▸ What the task asks:
Word for word, restate the data that follows, omitting the images.

▸ Provided data:

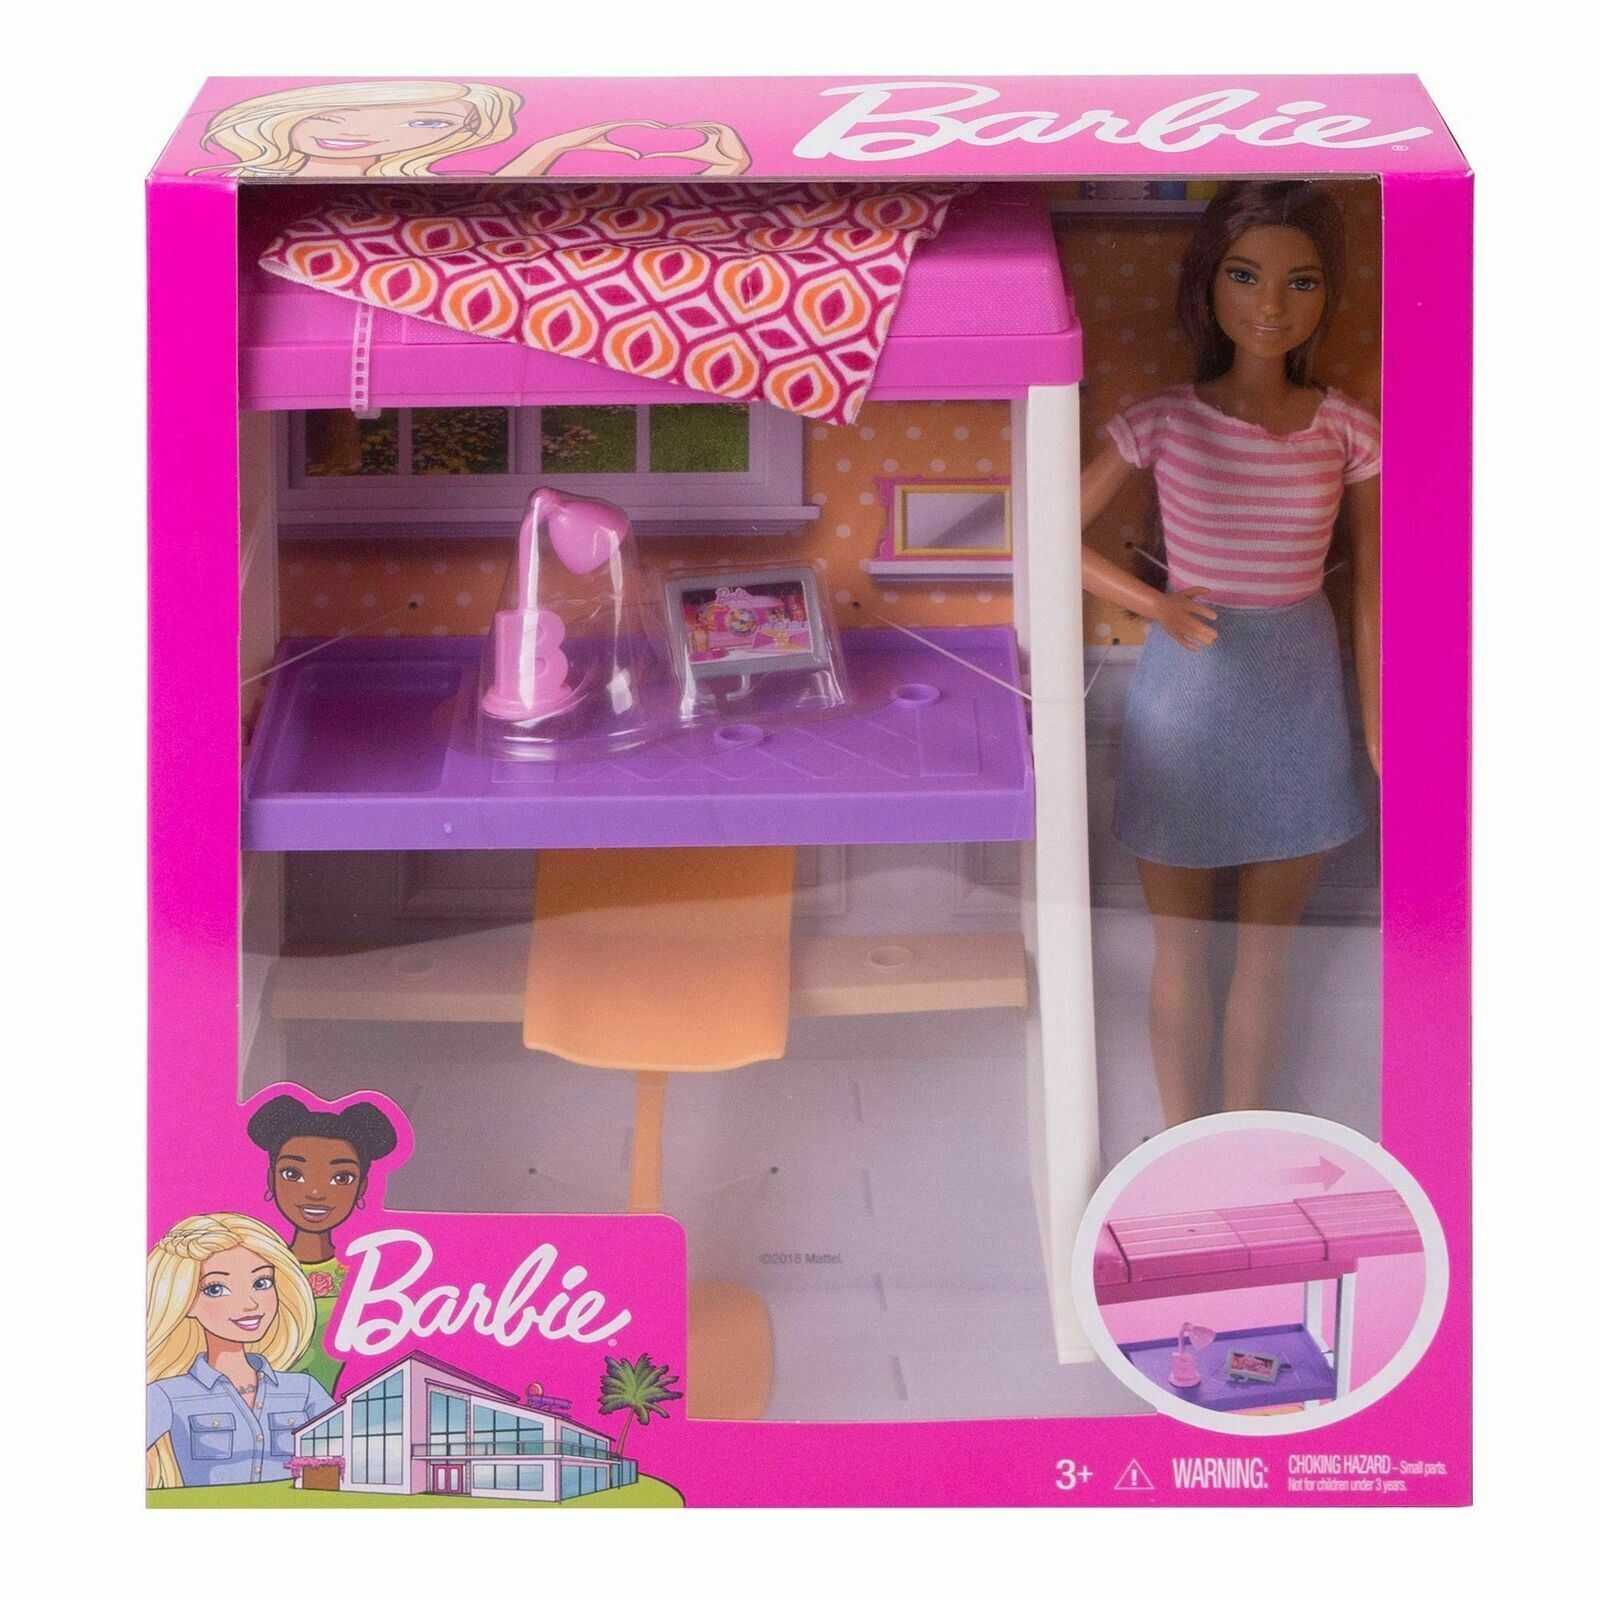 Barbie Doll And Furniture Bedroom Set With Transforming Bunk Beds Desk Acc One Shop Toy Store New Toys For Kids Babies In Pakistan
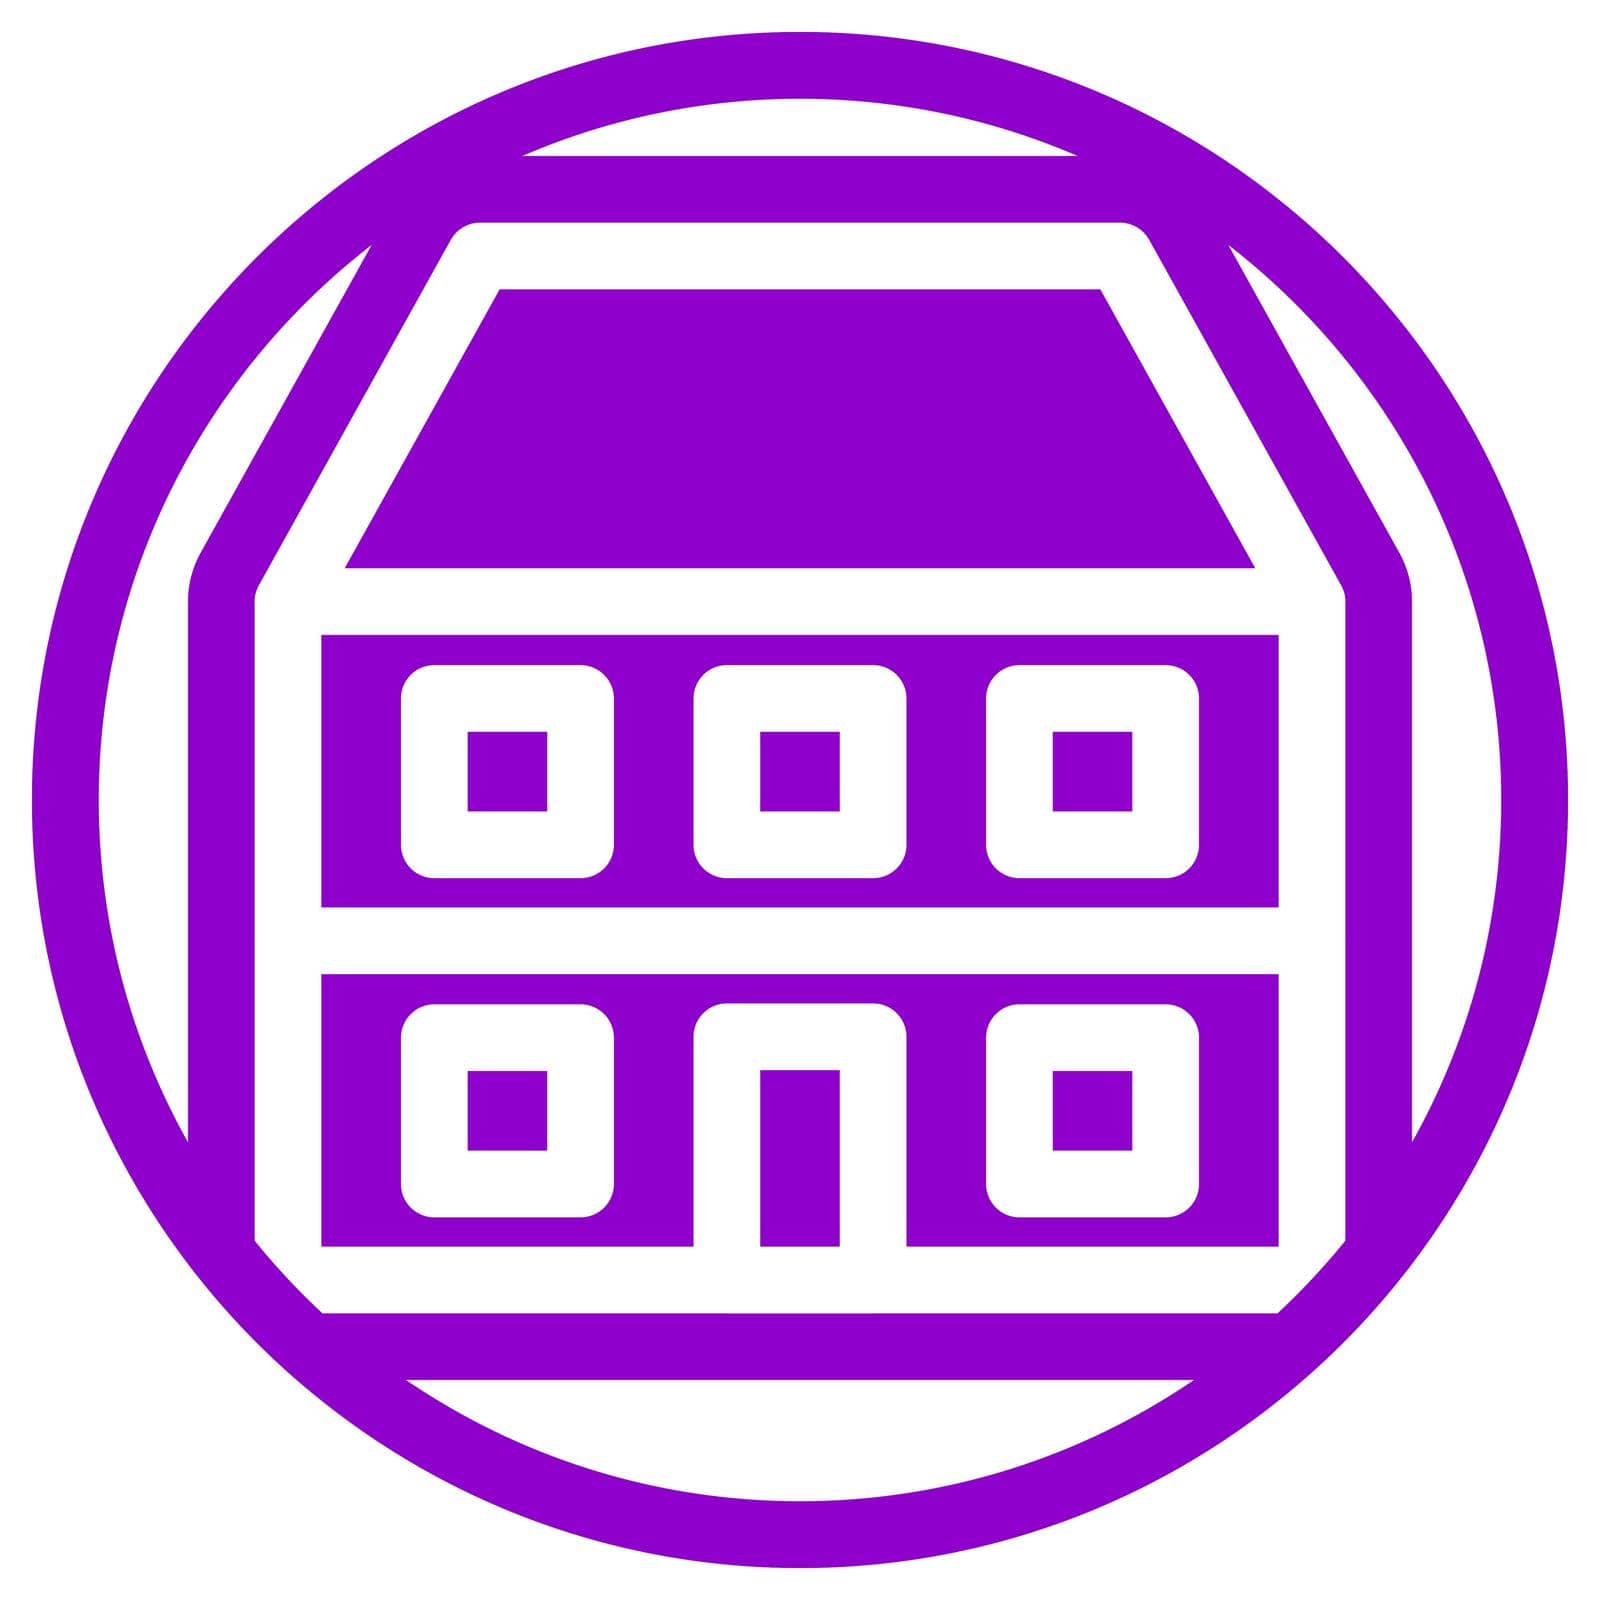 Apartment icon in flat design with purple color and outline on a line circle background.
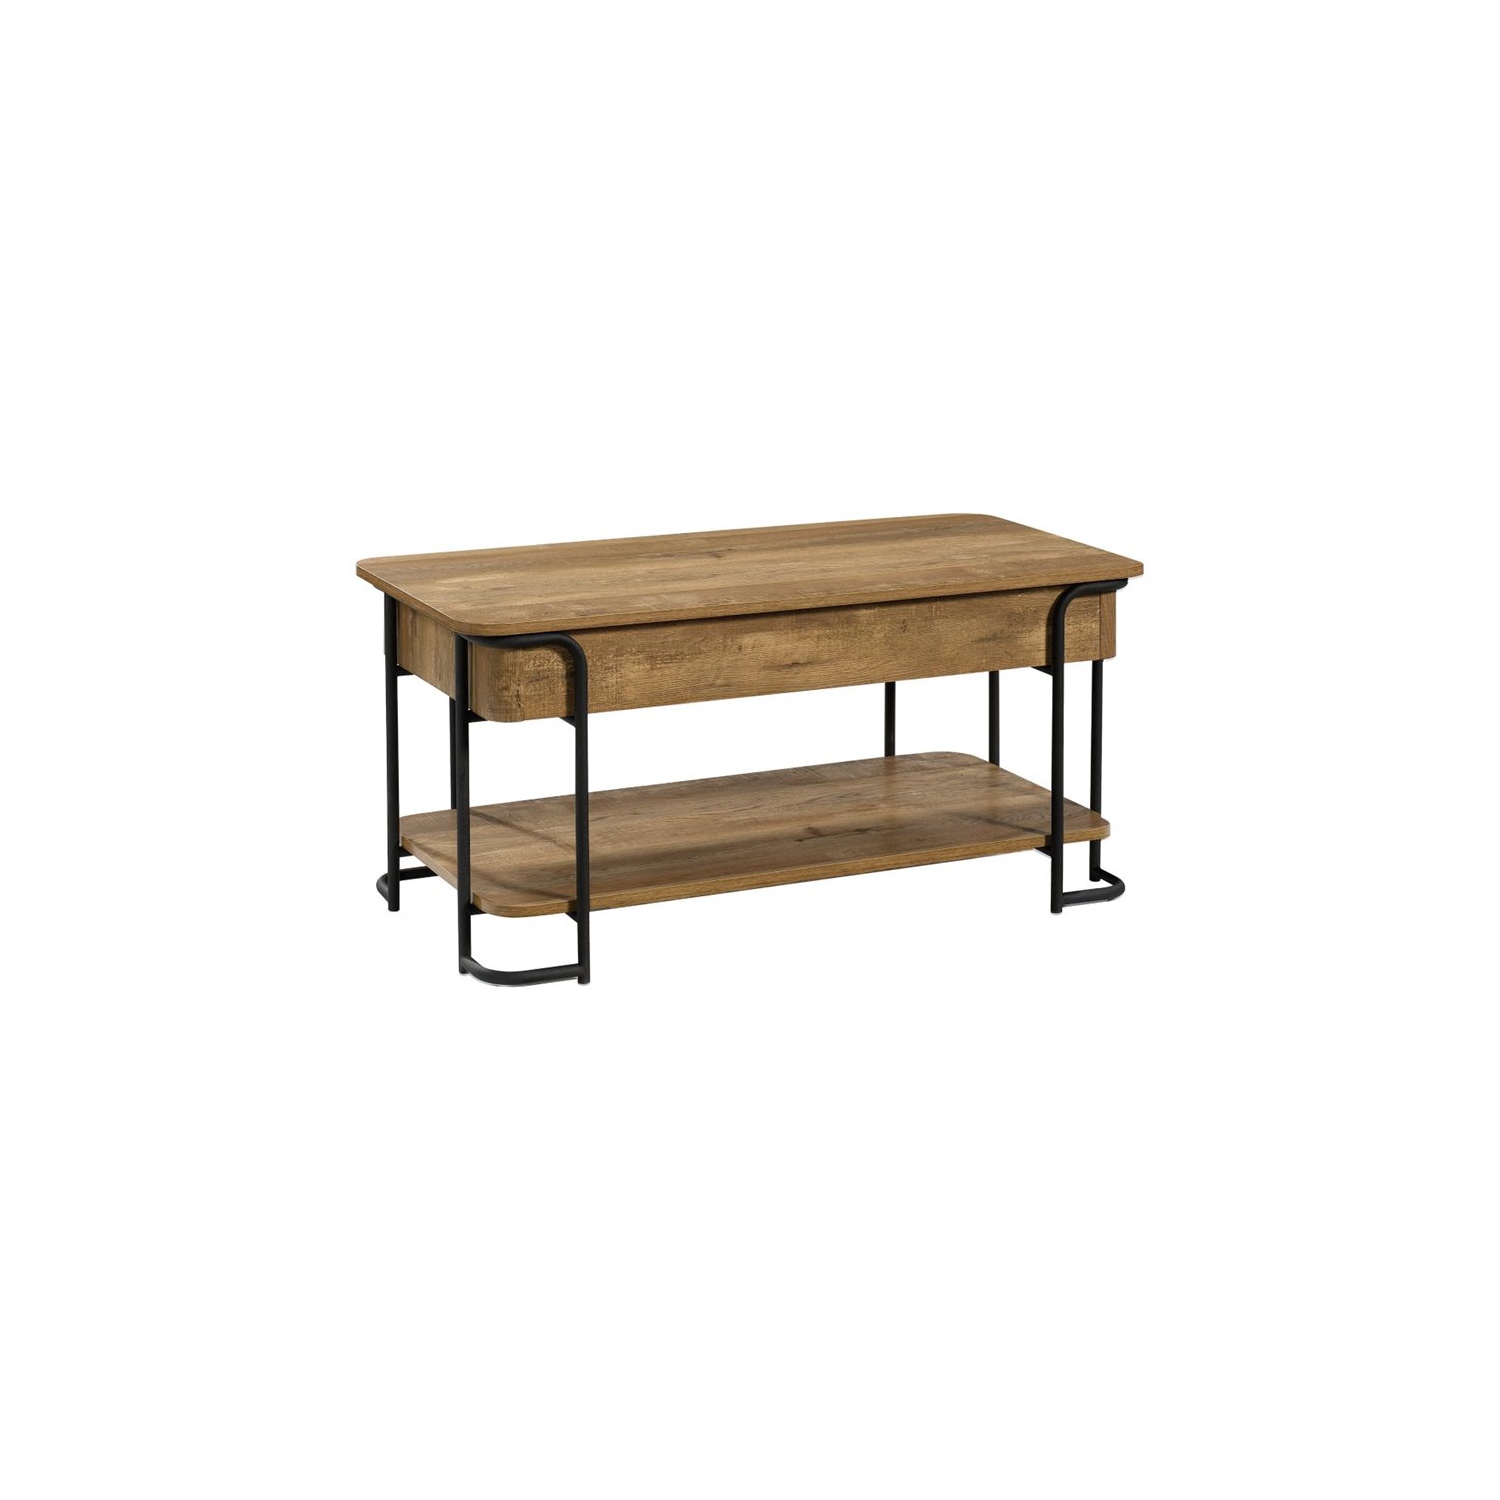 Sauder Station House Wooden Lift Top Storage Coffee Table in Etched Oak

▸ Answer for the task:
 Barbie Doll And Furniture Bedroom Set With Transforming Bunk Beds Desk Acc One Shop Toy Store New Toys For Kids Babies In Pakistan
 Apartment icon in flat design with purple color and outline on a line circle background.
 Sauder Station House Wooden Lift Top Storage Coffee Table in Etched Oak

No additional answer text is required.